No. But the people hired by your customers do.

And your customers are _keenly aware_ of that, because when you're gone from
the scene they are either going to have to:

A) hire someone who can read your code, or

B) hire someone to rewrite it all from scratch.

They probably don't really know how to solve problem A, and they almost
certainly can't afford to solve problem B even if they knew how, which they
probably don't.

This is a vitally important consideration. It doesn't matter how elegant your
code is if your customer can't figure out how to hire anyone to read it. If
you solve your customer's entire problem in _one super-elegant line_ of lets-
call-it-Haskell, but your successor doesn't know Haskell and cannot maintain
that line, he will recommend replacing your solution with a Blub app. Then
your customer will tell all his friends that (a) "Haskell sucks because it is
nonstandard" and (b) "Blub is the greatest language in the world because there
are lots of certified Blub programmers around".
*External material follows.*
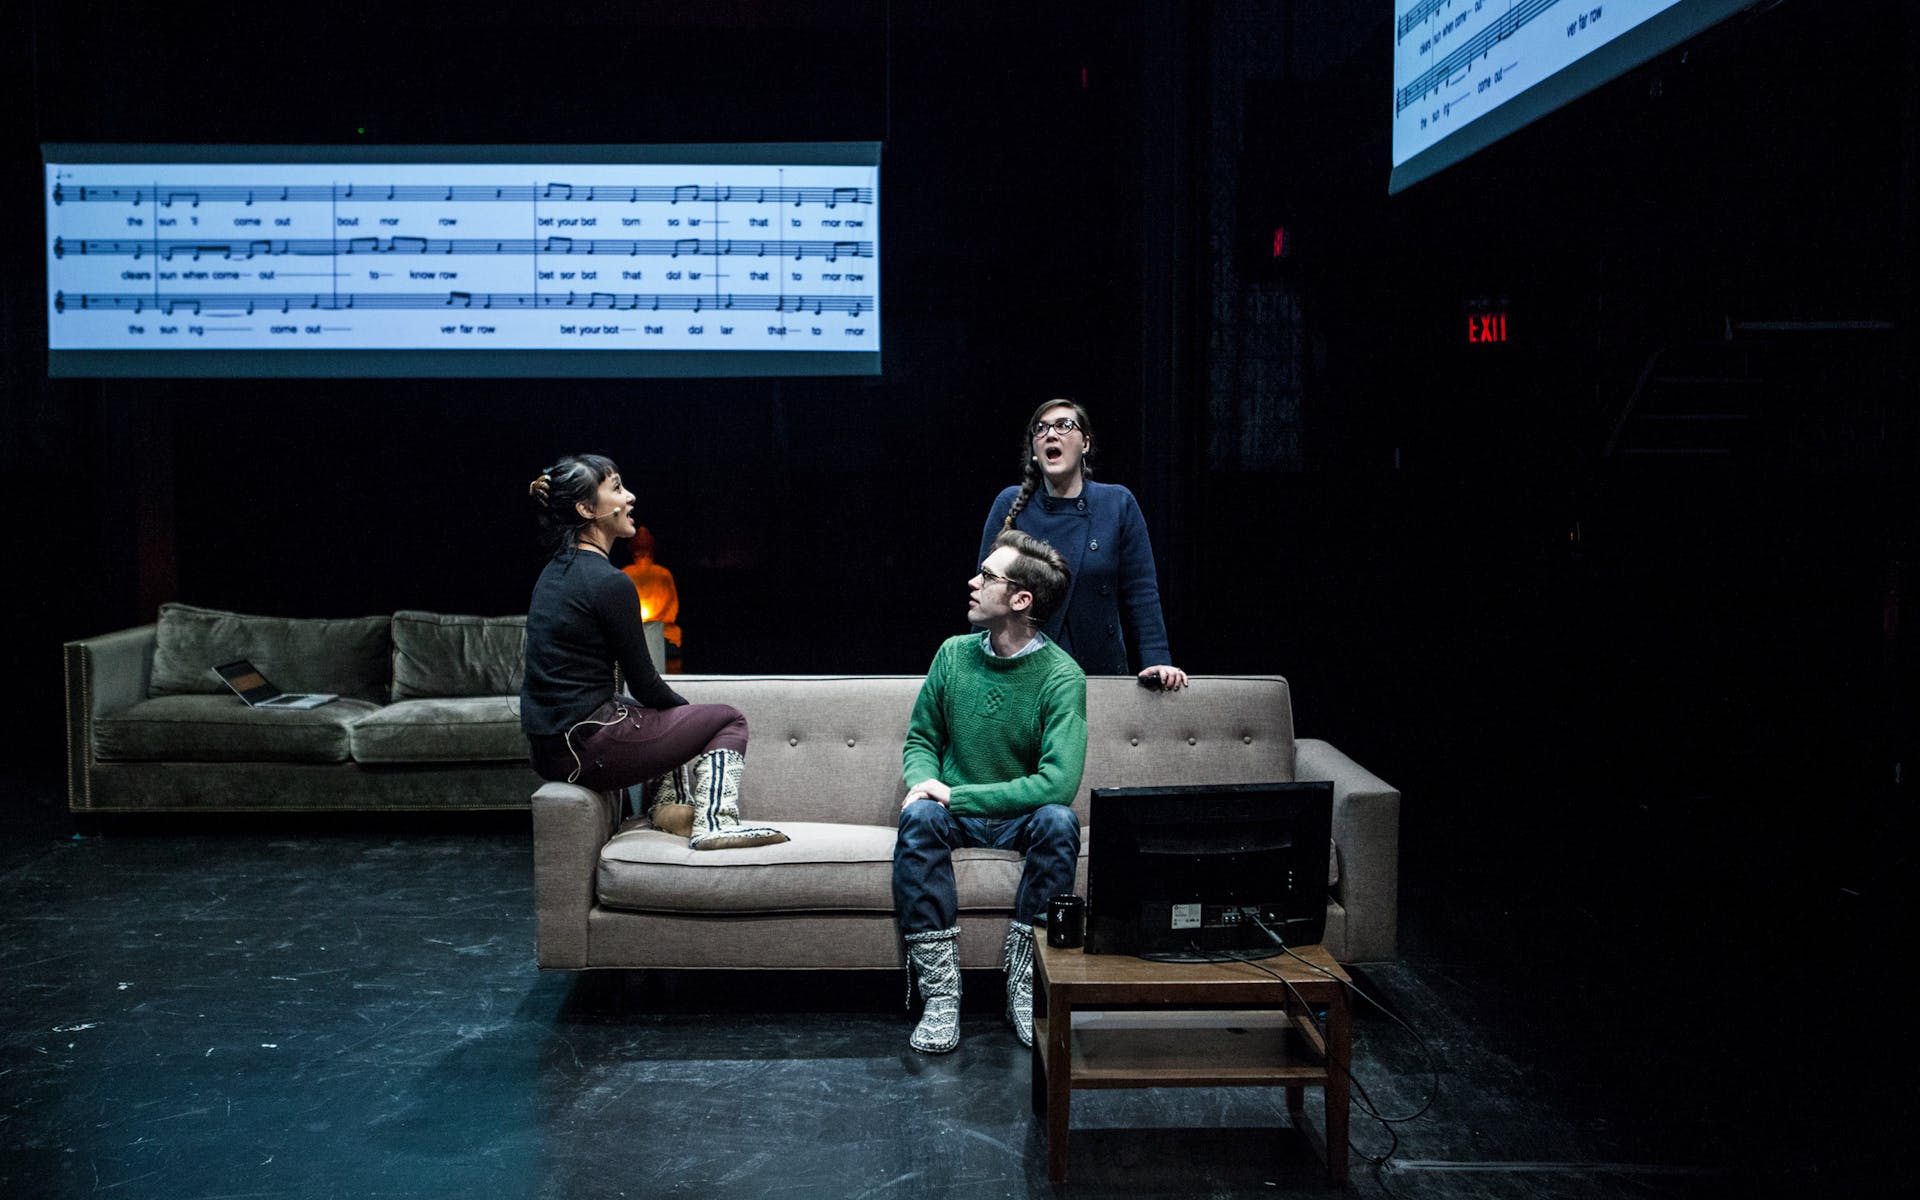 Three people sitting on a stage on a couch with musical notation projected in the background

This is why it takes so much time and energy to get new platforms off the
ground.

------
chegra
Love it. This is the same thing I was thinking, but I had only gotten around
to thinking that the major reason for bad programming was deadlines. I think
programmers should focus on the long term, good serves you decades, bad code
is one time use. Ignore the extra 20% time it takes to get right.

------
mahmud
Today, I am coding for opportunity. A siren's call in my analytics report.
Market Driven Development.

------
jacquesm
Myself, and very rarely for customers, usually long time friends that need
helping out in stuff that I'm comfortable with (backend).

I love optimizing code and fixing things, front end stuff brings out the worst
bouts of procrastination imaginable.

------
sbov
I find myself coding for deadlines or myself all too often, which is why I
would like to start open sourcing some of my projects - even if no-one uses
them, it will keep me honest.

------
sahillavingia
I code for myself: the only customer and beta tester that will endure me.